§ Data shown:
⟨
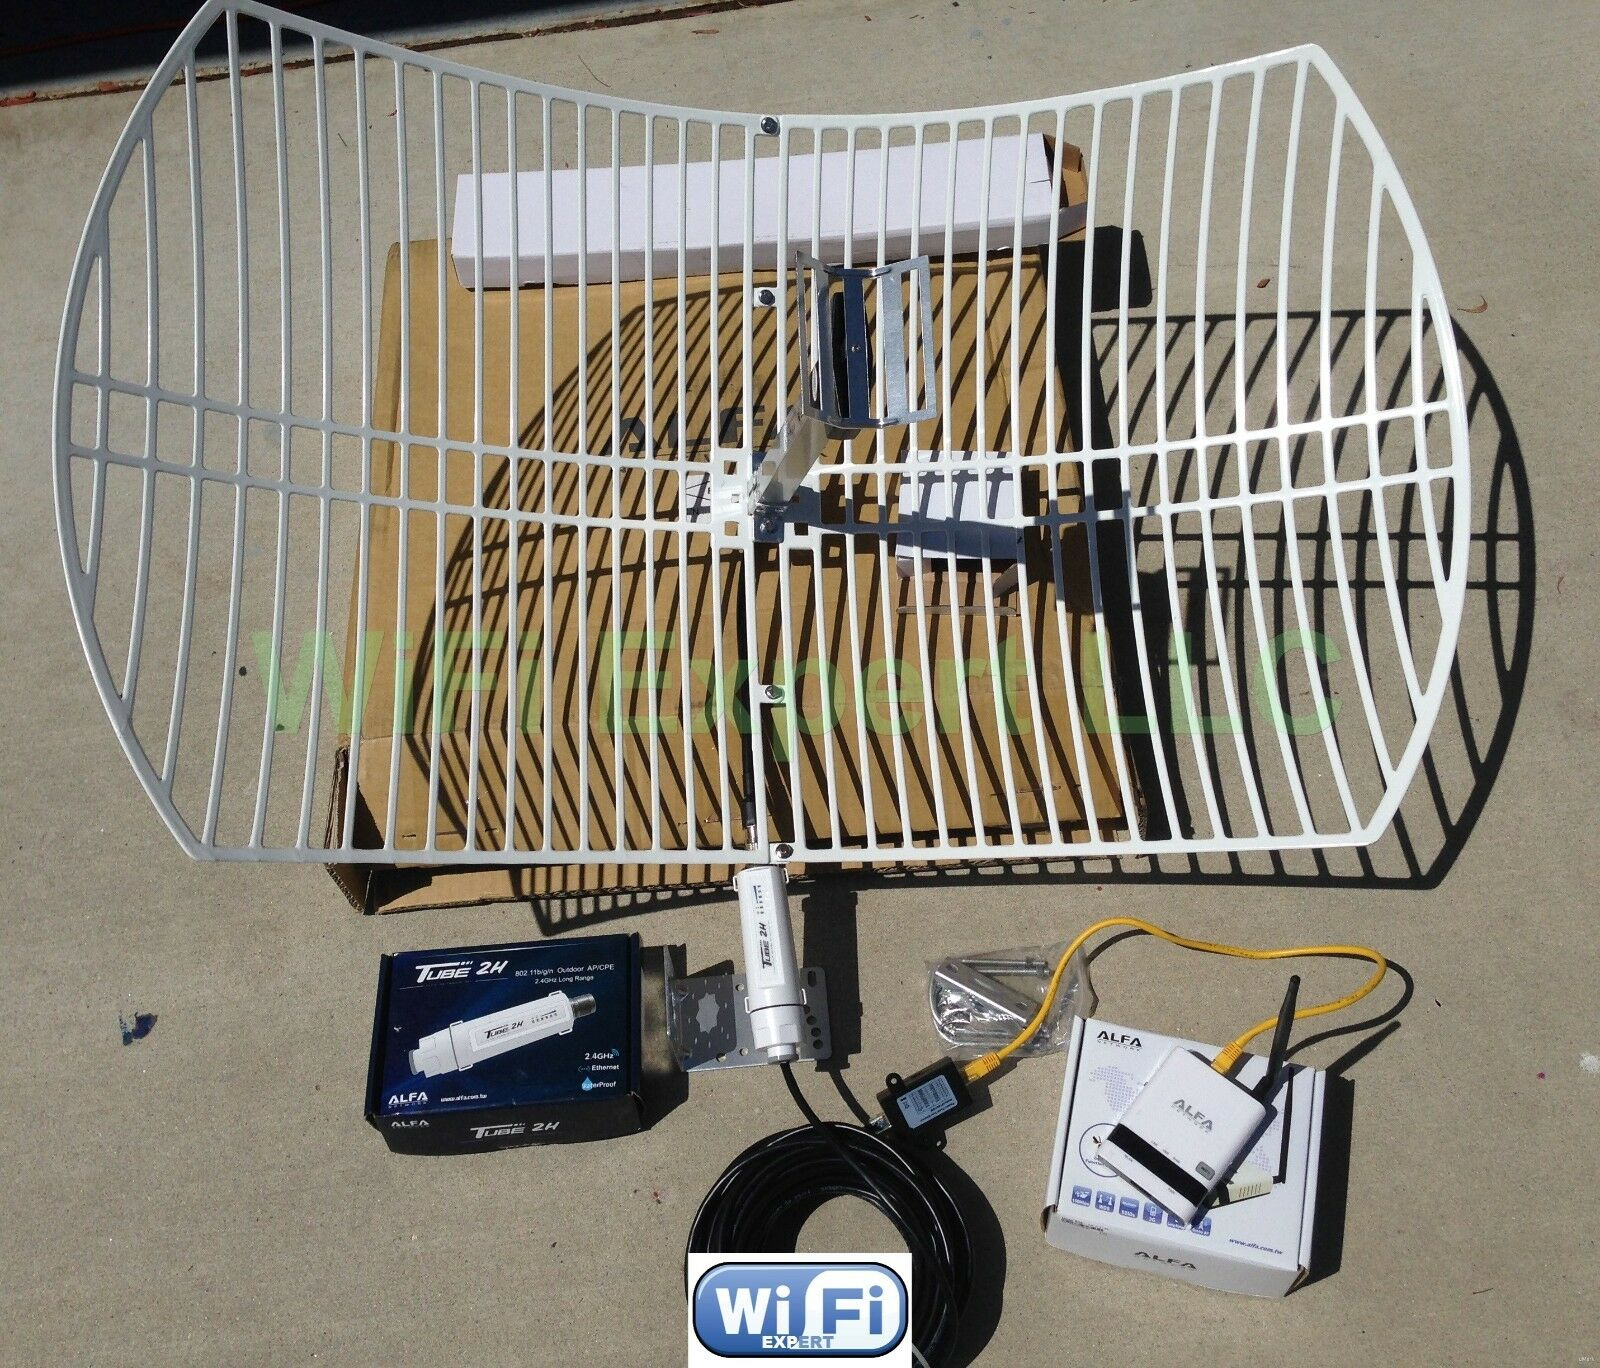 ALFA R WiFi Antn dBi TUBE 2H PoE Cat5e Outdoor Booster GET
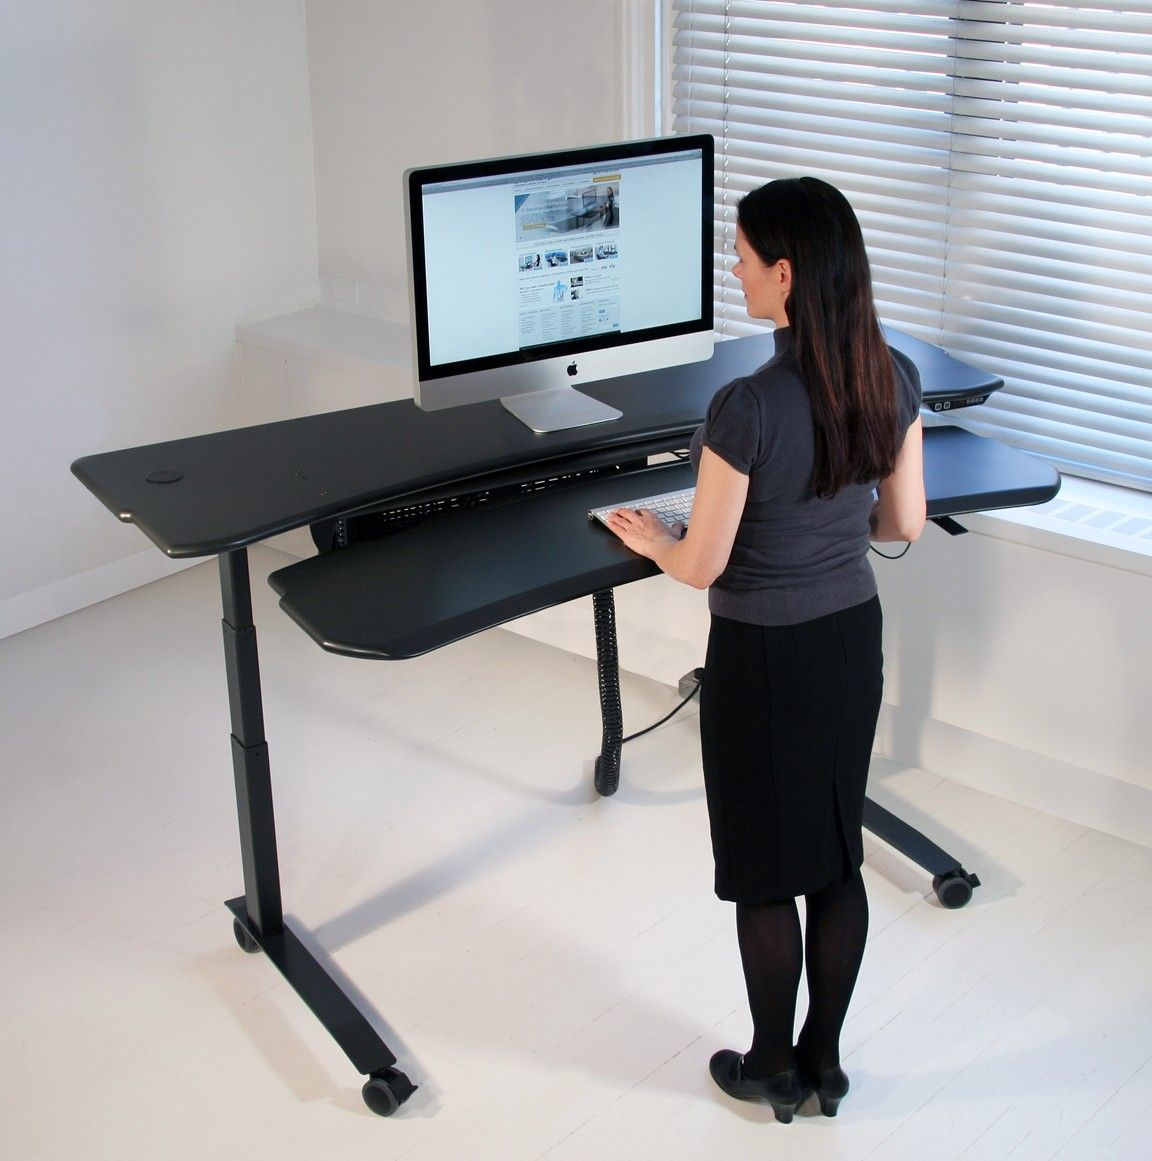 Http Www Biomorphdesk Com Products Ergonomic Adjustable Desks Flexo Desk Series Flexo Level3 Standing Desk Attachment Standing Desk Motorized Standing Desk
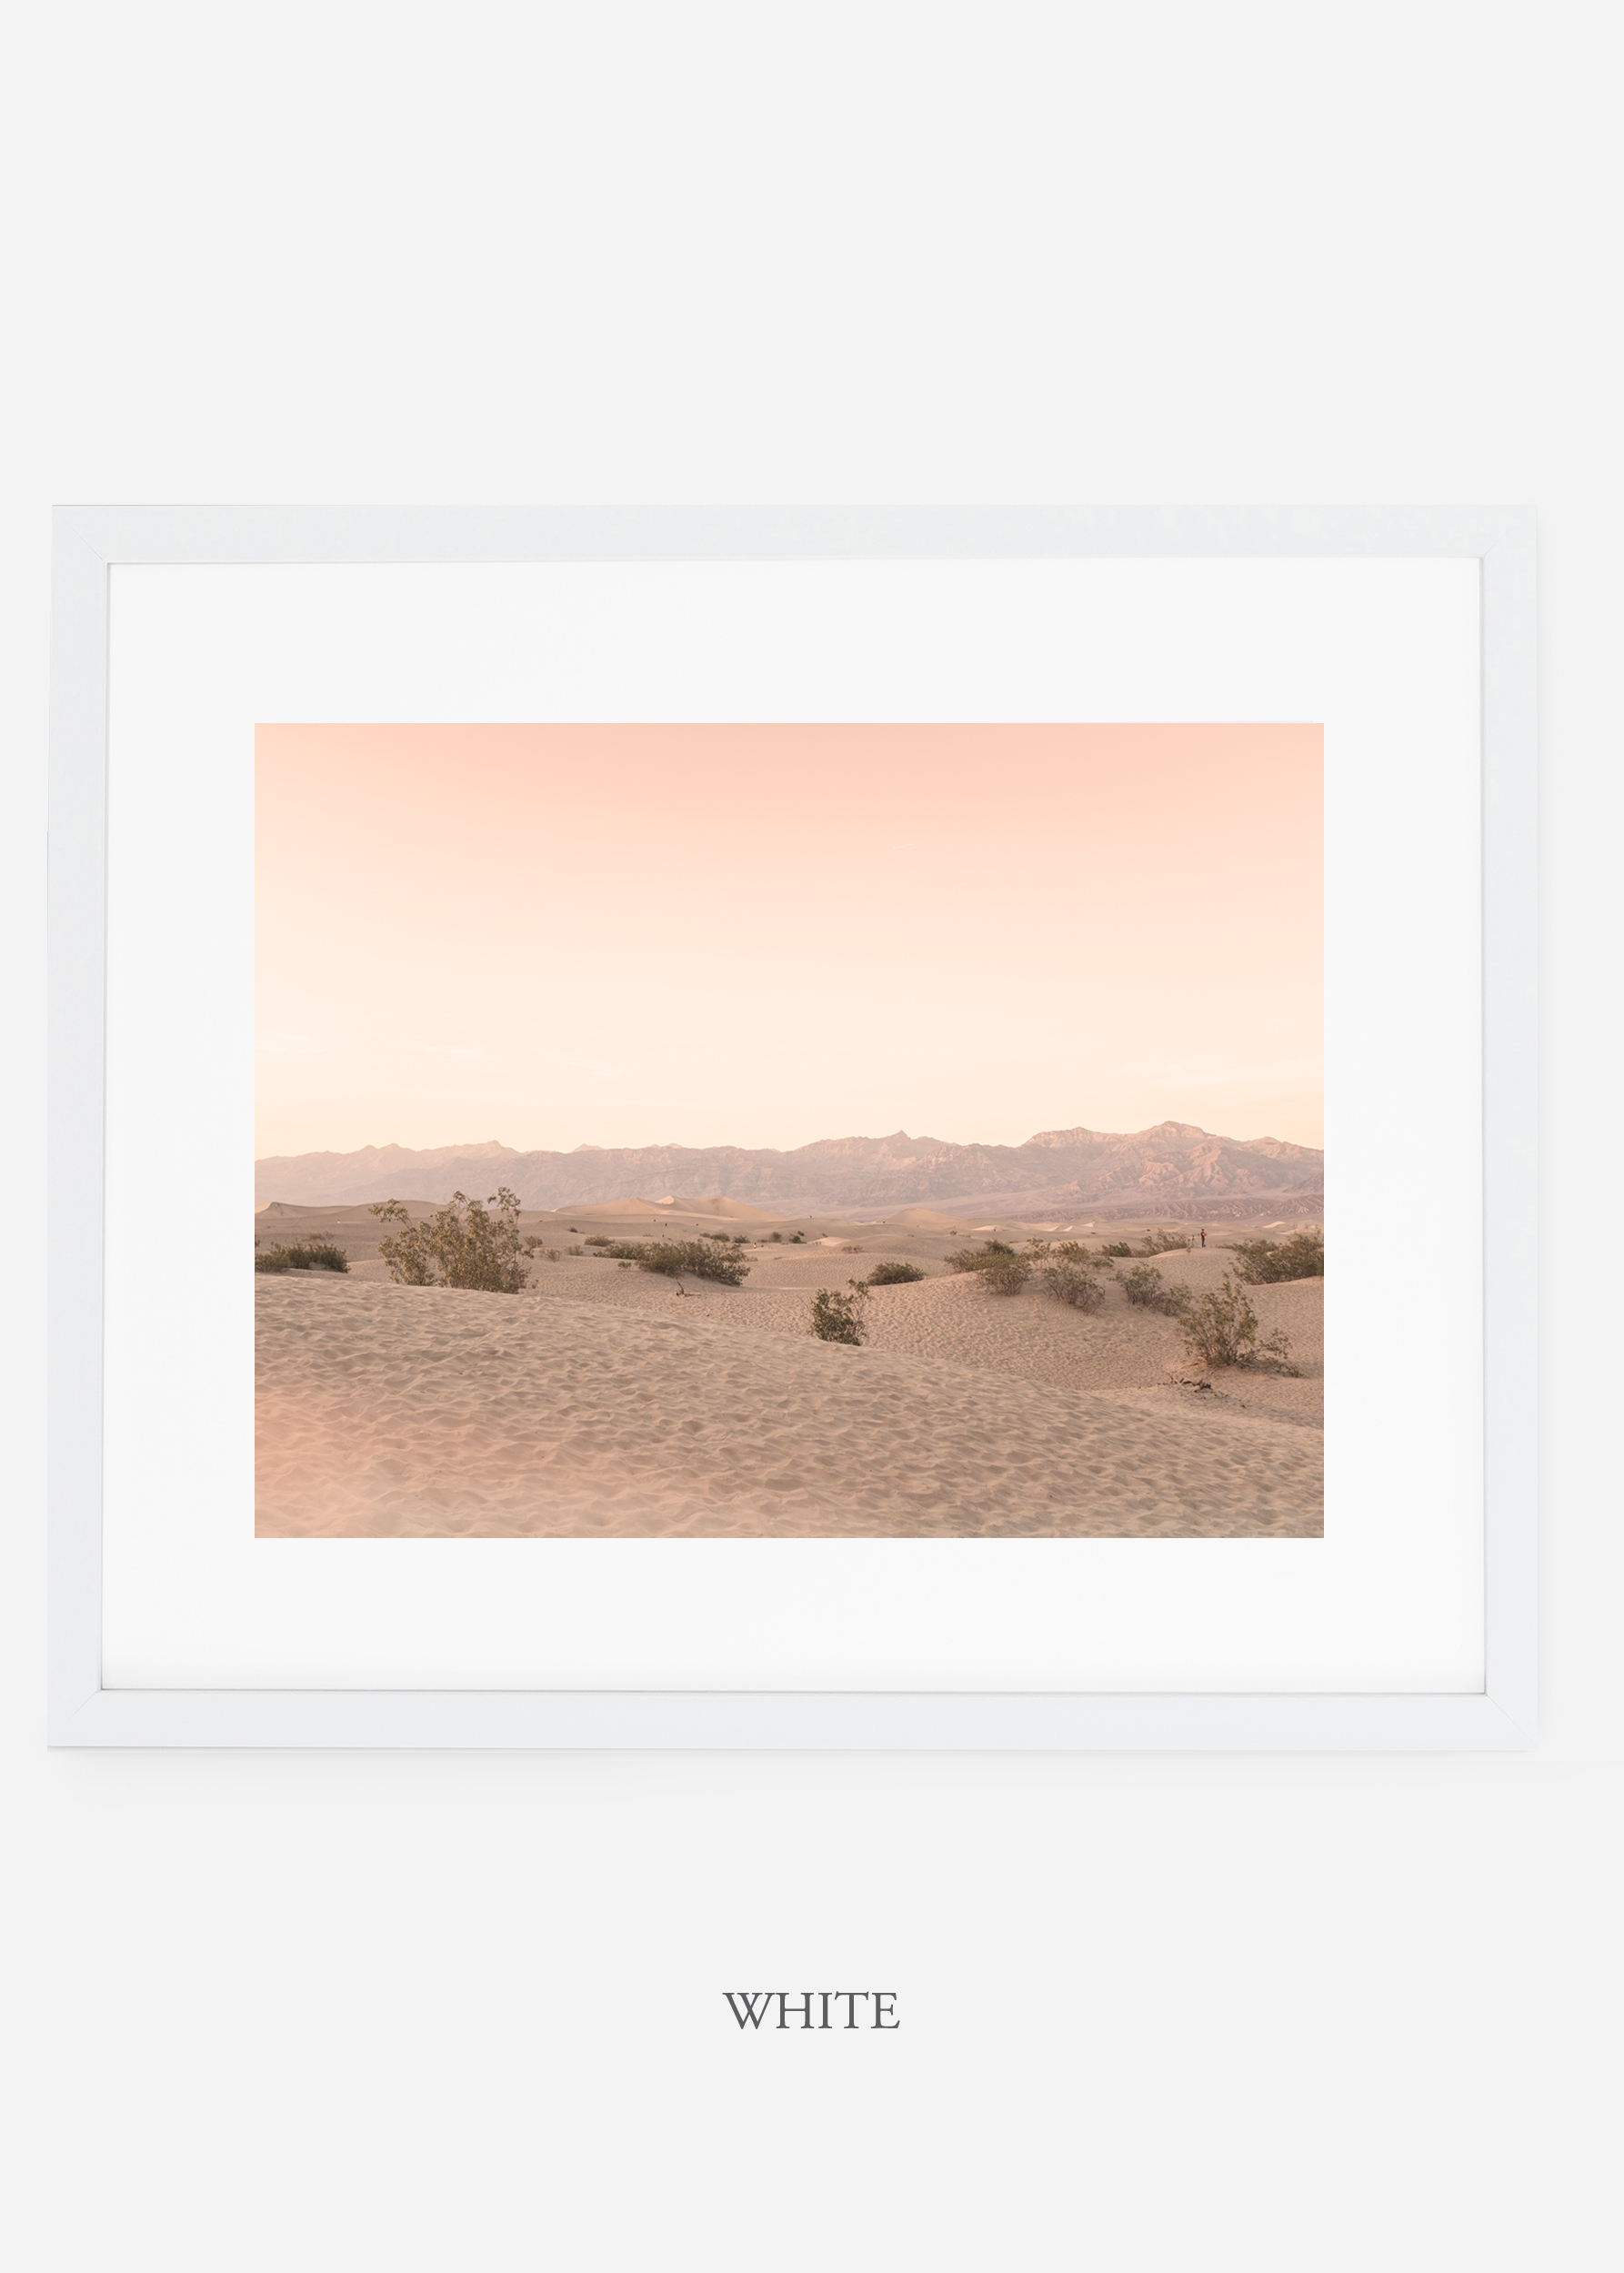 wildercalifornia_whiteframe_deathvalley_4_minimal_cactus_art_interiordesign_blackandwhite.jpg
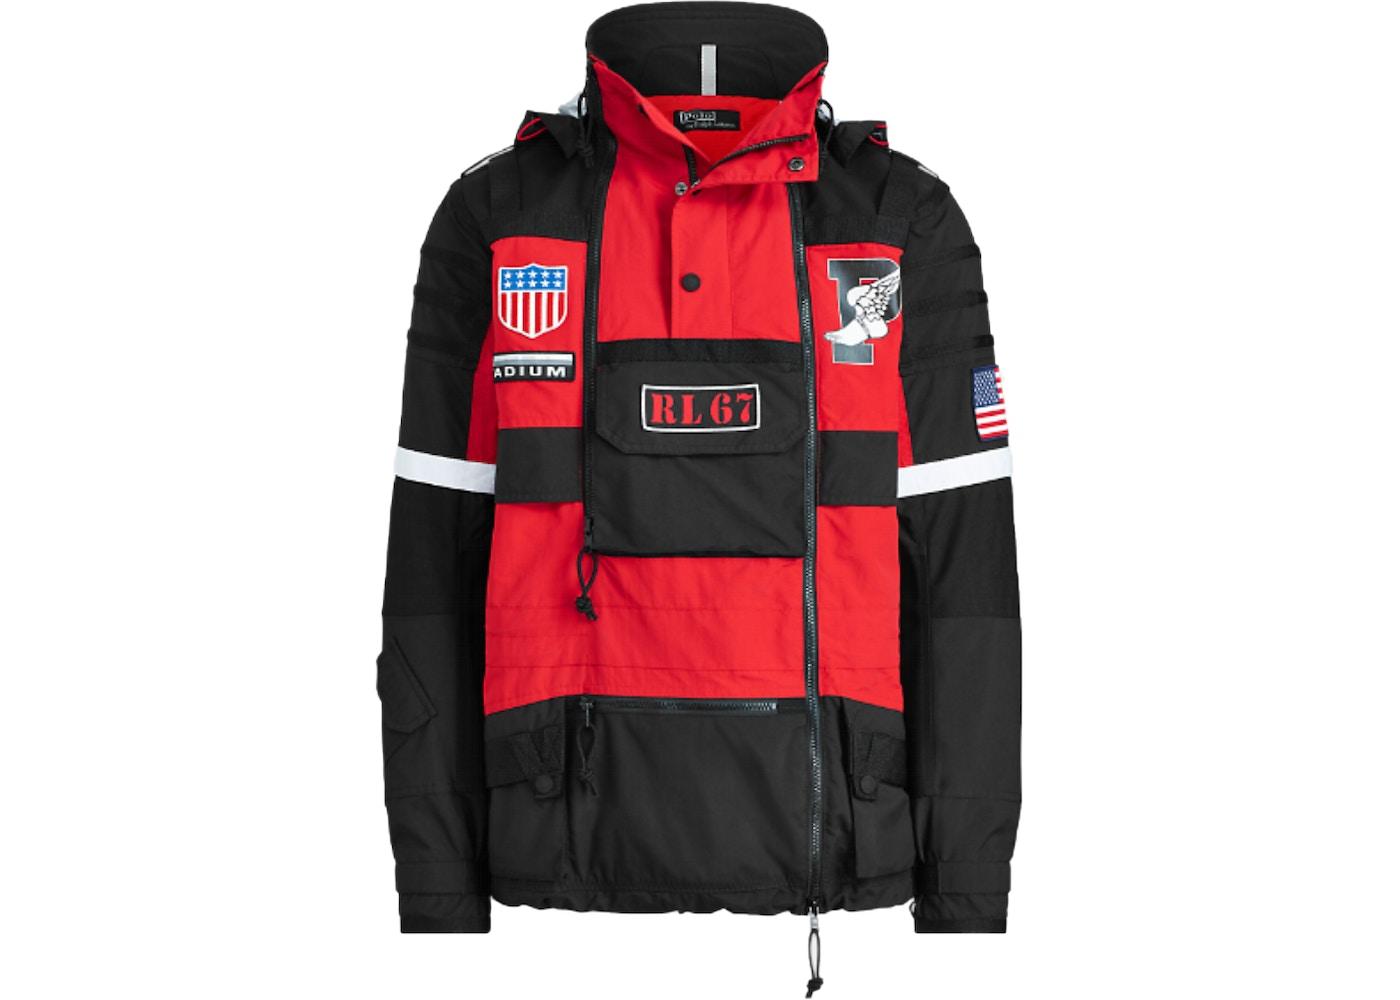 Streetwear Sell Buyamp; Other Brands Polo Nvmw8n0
⟩
§ What this task involves: Please repeat all of the data exactly, excluding images.

§ Expected output:
 ALFA R WiFi Antn dBi TUBE 2H PoE Cat5e Outdoor Booster GET
 Http Www Biomorphdesk Com Products Ergonomic Adjustable Desks Flexo Desk Series Flexo Level3 Standing Desk Attachment Standing Desk Motorized Standing Desk
 wildercalifornia_whiteframe_deathvalley_4_minimal_cactus_art_interiordesign_blackandwhite.jpg
 Streetwear Sell Buyamp; Other Brands Polo Nvmw8n0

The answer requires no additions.